**What is expected**. Print exactly the lines that run from the one containing "A woman in a" to the final line of the data, both included, and print none of the pictures.

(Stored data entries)
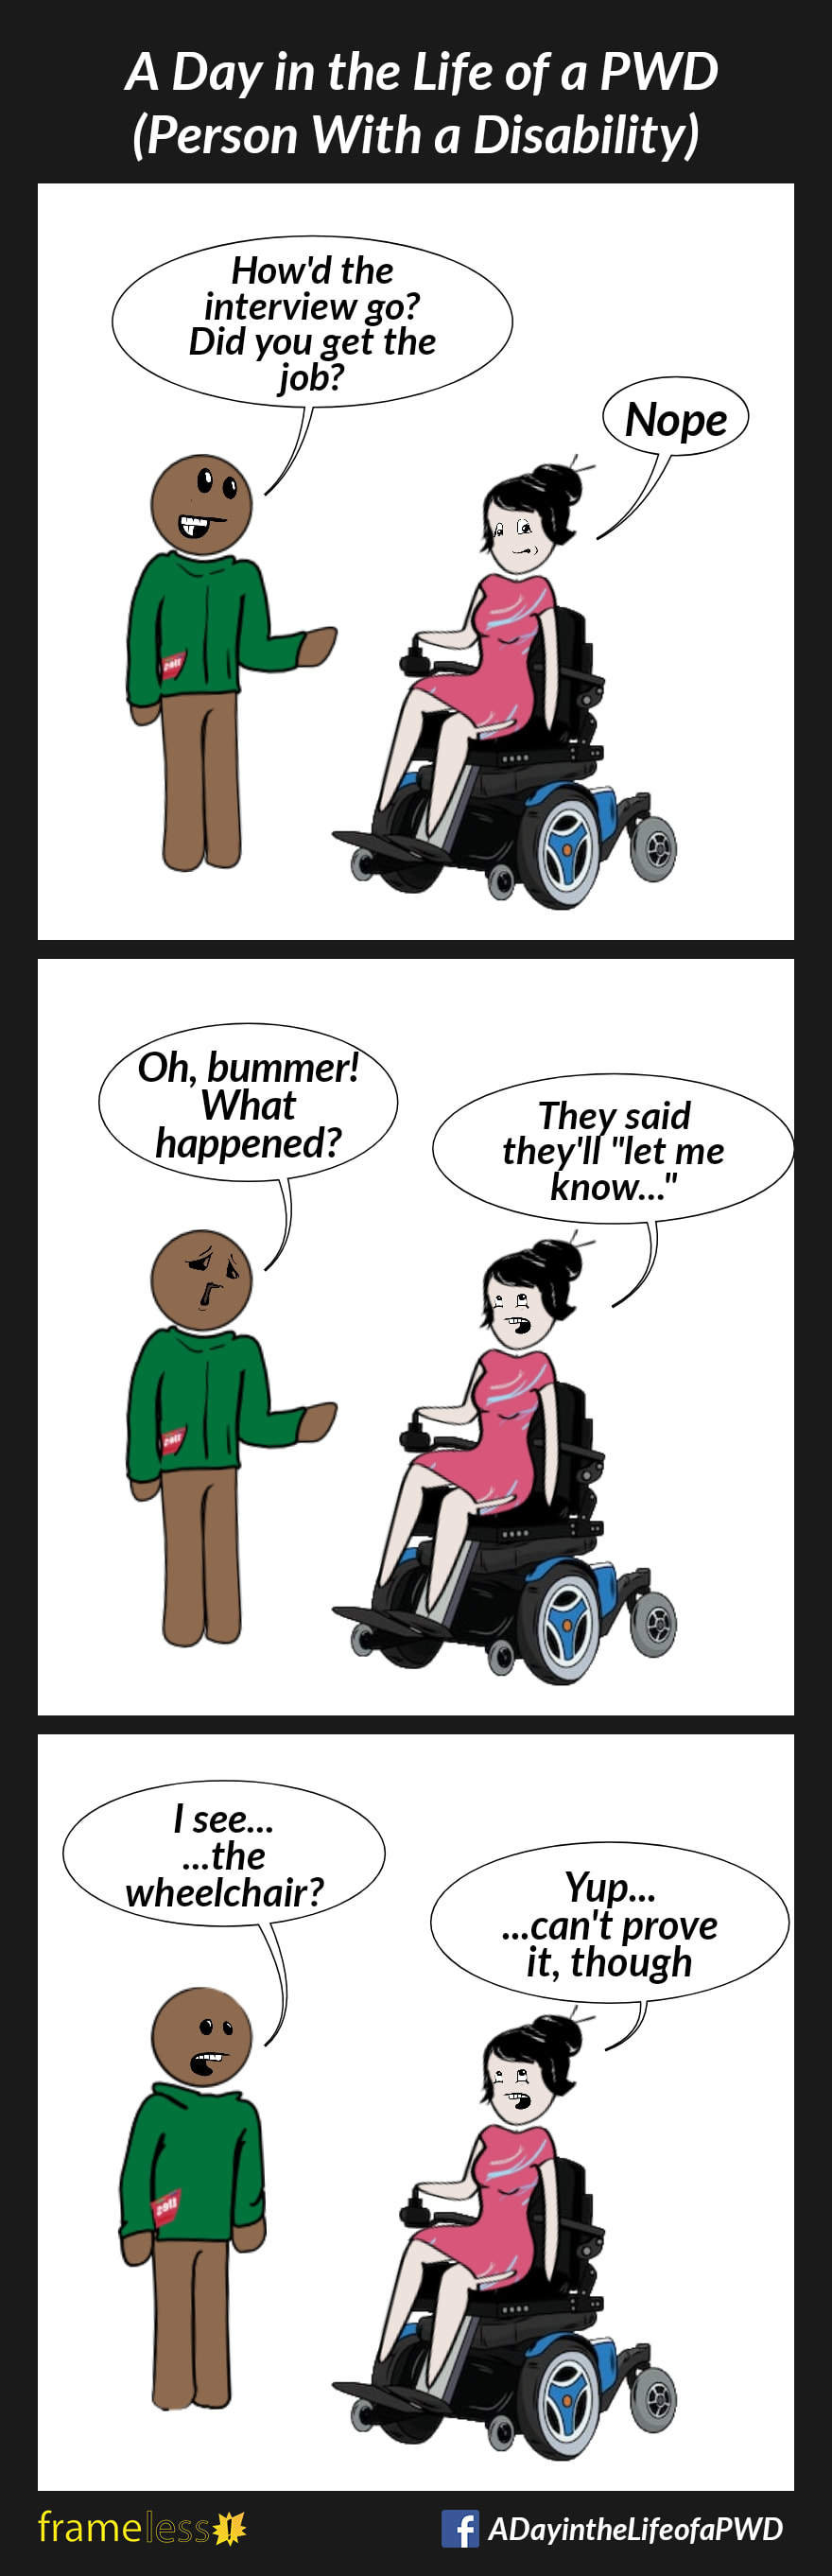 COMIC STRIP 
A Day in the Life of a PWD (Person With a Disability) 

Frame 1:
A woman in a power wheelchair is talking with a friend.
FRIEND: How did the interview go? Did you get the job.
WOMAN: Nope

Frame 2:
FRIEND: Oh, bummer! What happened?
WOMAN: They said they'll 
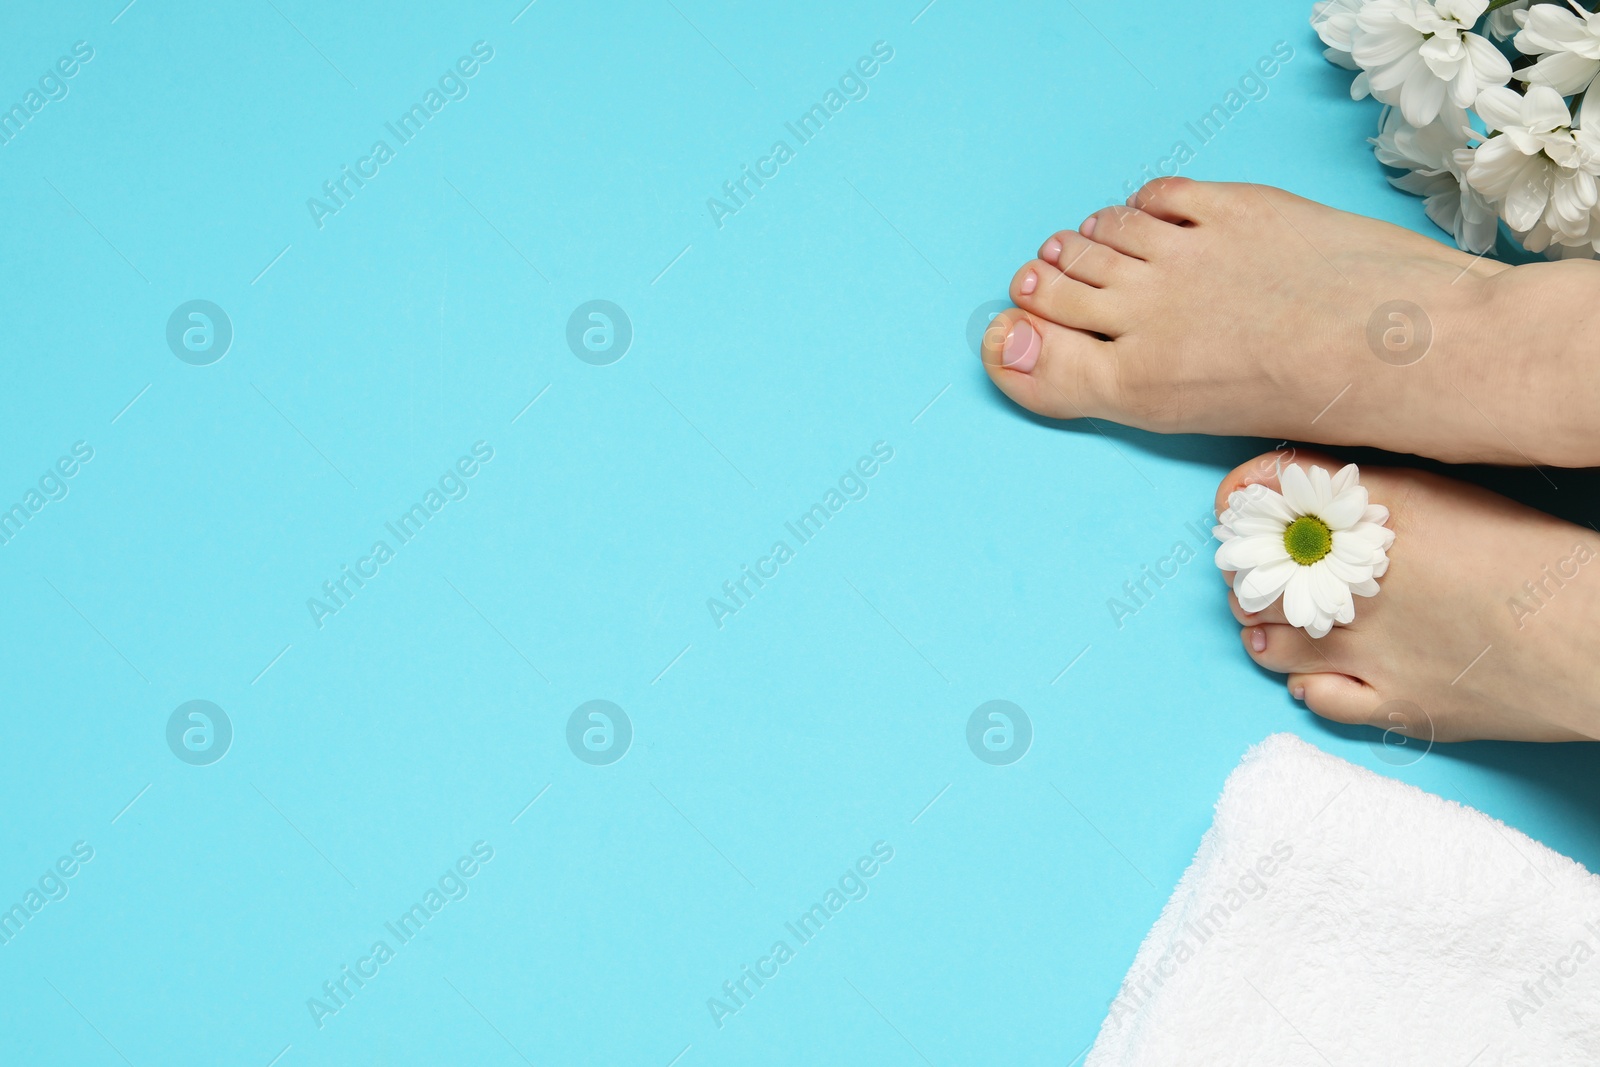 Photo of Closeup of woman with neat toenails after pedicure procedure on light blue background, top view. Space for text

**Task solution**.
A woman in a power wheelchair is talking with a friend.
FRIEND: How did the interview go? Did you get the job.
WOMAN: Nope

Frame 2:
FRIEND: Oh, bummer! What happened?
WOMAN: They said they'll 
 Photo of Closeup of woman with neat toenails after pedicure procedure on light blue background, top view. Space for text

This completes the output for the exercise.